Cresce por toda parte e aos borbotões o número de petshops. Assim como as farmácias, essas lojas, que têm de tudo e algo mais para animais de estimação, surgem a todo instante nos centros urbanos brasileiros. A grande e progressiva quantidade de farmácias espalhadas pelas cidades dispensa o diagnóstico de que a doença tem sido uma vantajosa oportunidade de negócios, embora o discurso do mercado de medicamentos valha-se da neurolinguística para dar à questão um sentido de saúde.

A proliferação de petshops, diferentemente das farmácias, é, por sua vez, um fenômeno que requer ser observado com cautela especial em um cenário de imenso contraste entre o tratamento dado pela sociedade às crianças e aos animais de estimação. E nada melhor para pensar sobre isso do que relembrar a provocação do “Rock da Cachorra”, feita quatro décadas atrás pelo compositor goiano Leo Jaime, e lançada pelo cantor carioca Eduardo Dussek no álbum “Cantando no Banheiro” (1983).

O primeiro ponto de atenção dessa sátira diz o seguinte: “Troque seu cachorro por uma criança pobre / Sem parentes, sem carinho, sem rango, sem cobre / Deixe na história de sua vida uma notícia nobre (…) Tem muita gente aí que está querendo levar uma vida de cão”. O segundo adverte que nessa ironia a valorização da infância não significa qualquer negligência com os animais: “Dê guarida pro cachorro, mas também dê pro menino / Senão um dia desses você vai amanhecer latindo”.

Inicialmente essa crítica bem-humorada foi feita para zombar das madames e seus bichinhos com pedigree, ganhando, portanto, aspecto simplesmente diversional. Com o passar das décadas, esse hábito das senhoras burguesas virou lugar comum em um mundo de buscas exageradas por simbolismos de ascensão social, identificação grupal e necessidades afetivas, resultante do combinado de avanços neoliberal, neopentecostal e neorrevolucionário.

O LP “Cantando no Banheiro”, de Eduardo Dussek, que teve como principal hit o “Rock da Cachorra” foi lançado há 40 anos.

O mercado transformou bichinhos de estimação em produtos de consumo; a teologia da prosperidade amplificou a pregação de que, para o indivíduo se dar bem, deve sempre enxergar o semelhante como um adversário; e a onda do politicamente correto abriu corações para os animais, enquanto seres sencientes, discursando pela infância abandonada de um lado e, do outro, dando um padrão de vida exemplar aos pets.
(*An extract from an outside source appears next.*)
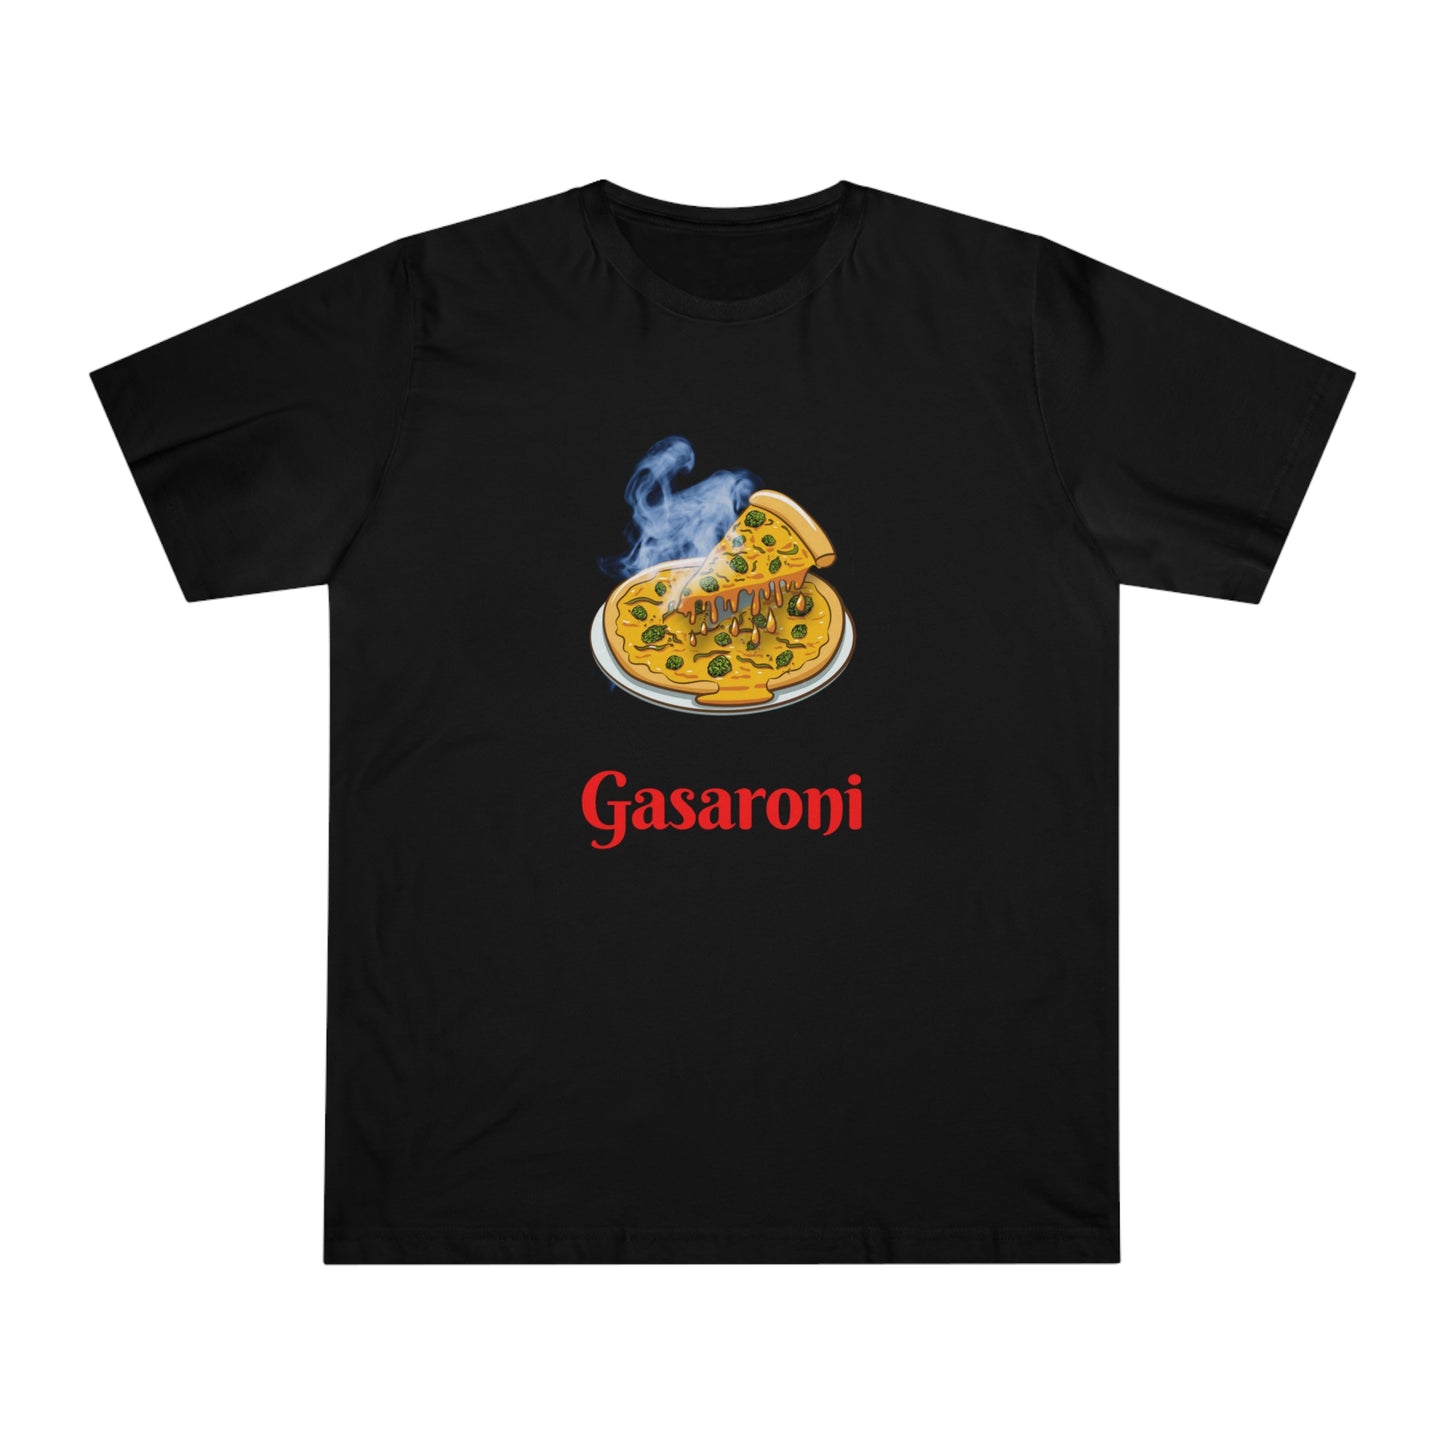 Gasaroni "Smokin' Hot" T-Shirt

Esse conjunto de condutas decorrentes de convergências econômicas, dogmáticas e políticas leva ao esmaecimento da percepção do ‘outro’ nos planos de viver. Pelo entendimento simbólico do “Rock da Cachorra”, tudo parece traduzir-se no gesto ‘civilizatório’ de apanhar cocô na calçada, como demonstração de cuidado com a natureza e de respeito aos passantes. Tais acenos refletem vitórias individuais em meio a frustrações coletivas.
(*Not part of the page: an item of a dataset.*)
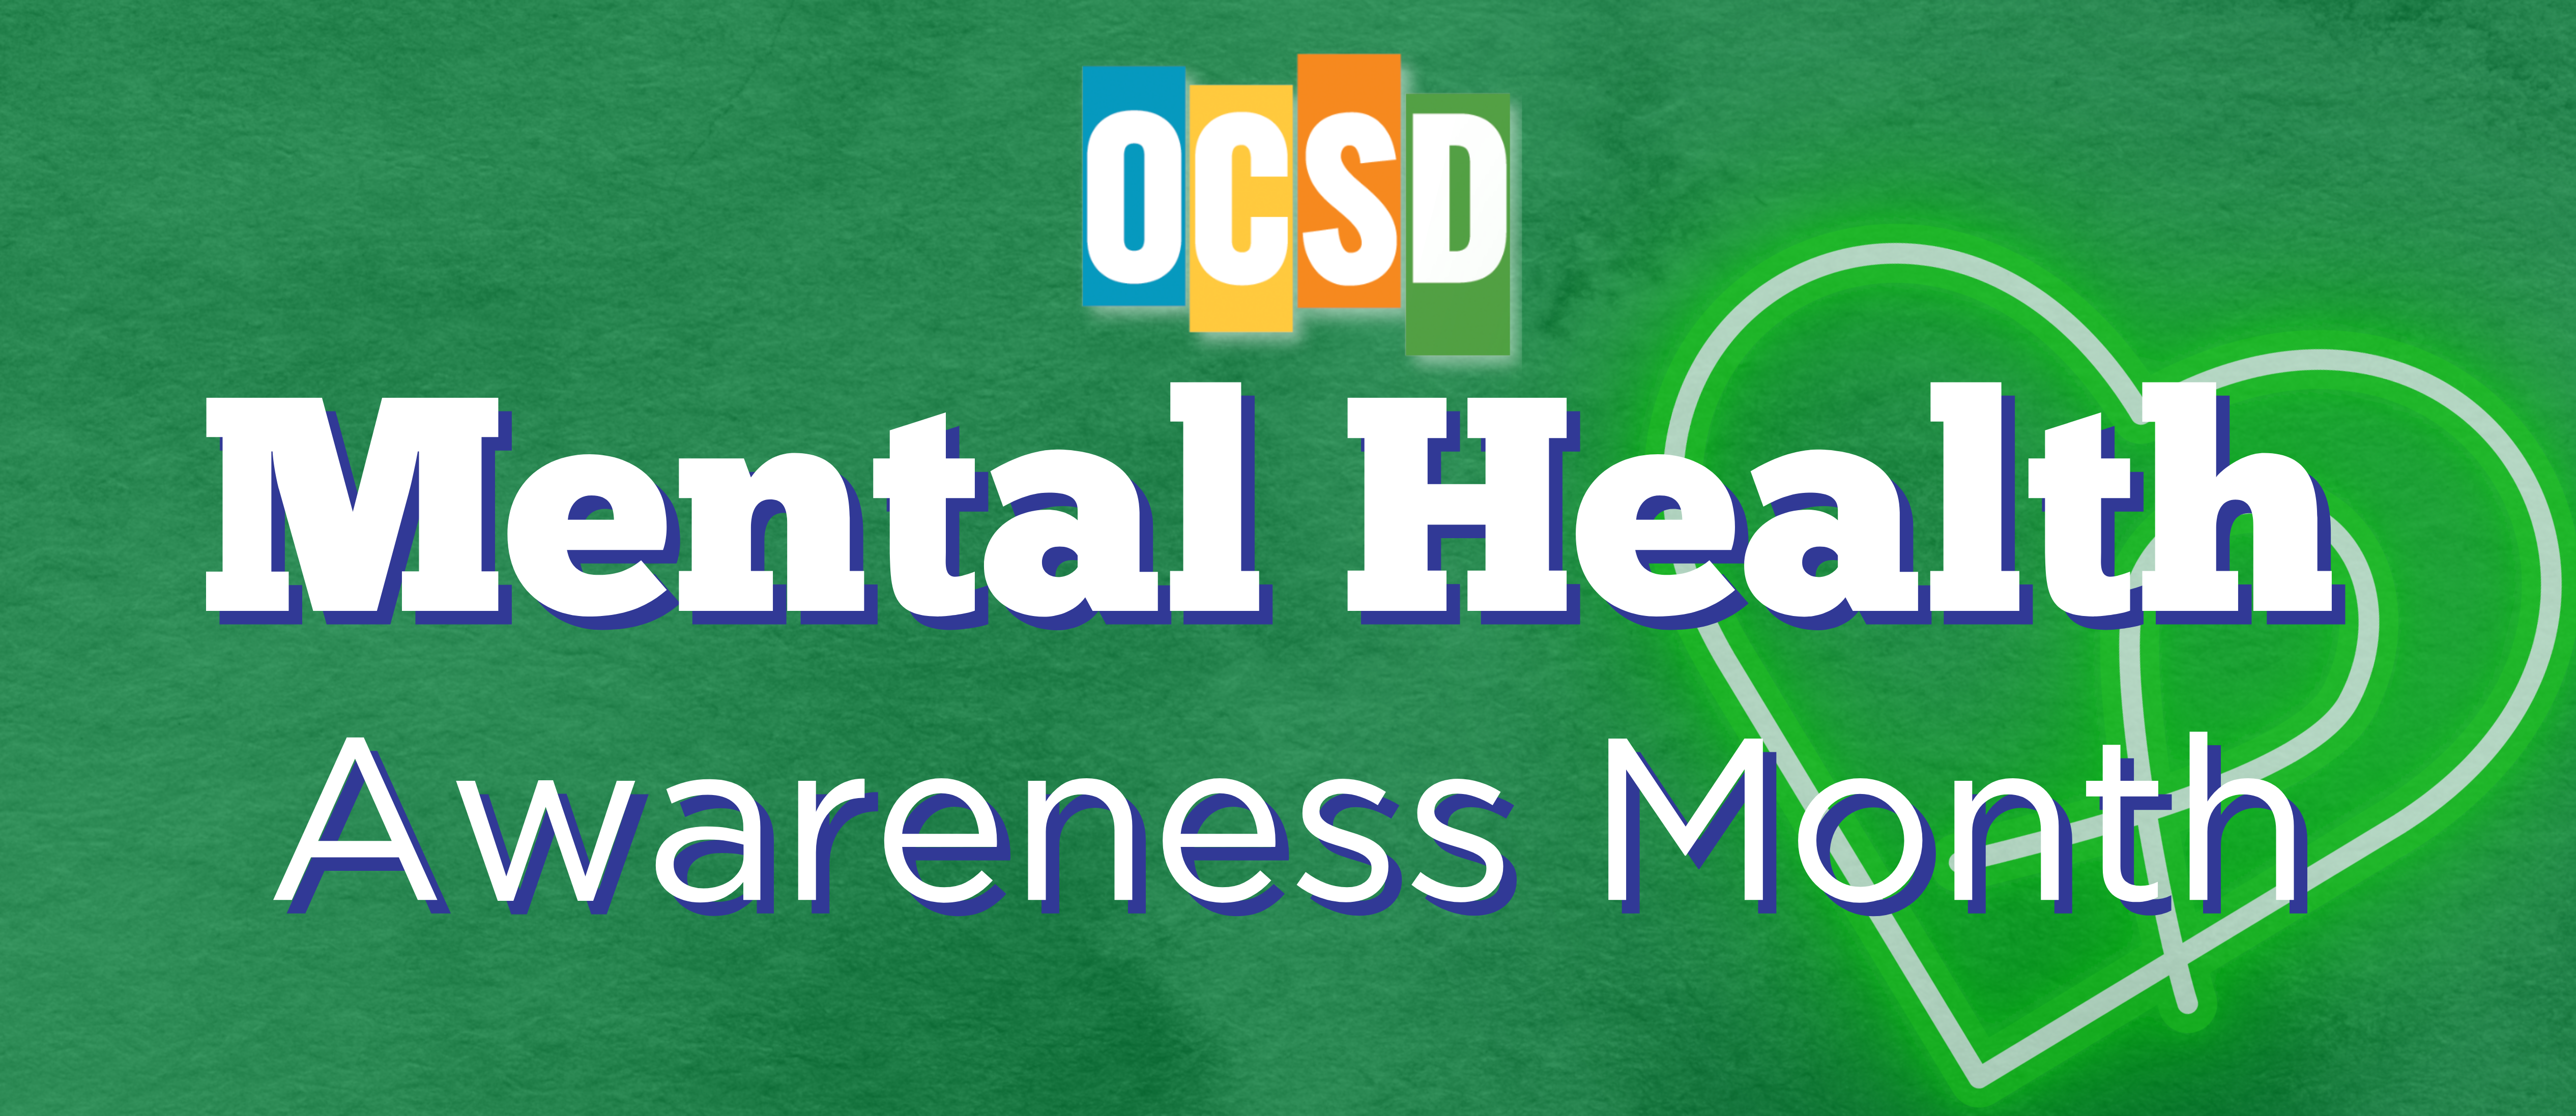 Mental Health Awareness Month OCSD

A hipérbole comportamental pet pode ser pensada também como uma liberalidade do campo do brinquedo, do jogo, do passatempo. Neste caso, seria fruto do infantilismo social, em que adultos regridem a uma espantosa identificação projetiva, com a qual substituem pessoas, que requerem entendimento mútuo, por seres dóceis, que obedecem aos seus donos. Isso não quer dizer que criar animais de estimação seja algo fútil; o que está em questão é a prática em demasia.

Quando o “Rock da Cachorra” foi lançado, só quem supostamente fazia o que queria eram as madames. Hoje, essa afirmação está generalizada, e nós, humanos, temos dificuldade de respeitarmos uns aos outros. Grande parte da ansiedade e da angústia dos tempos atuais resulta da inversão do sentido de liberdade, que deixou de significar a autonomia de alguém com relação às opções que toma e pelas quais se responsabiliza para dar vazão aos ditames de desejos muitas vezes reprimidos. E quem não controla os desejos não tem liberdade.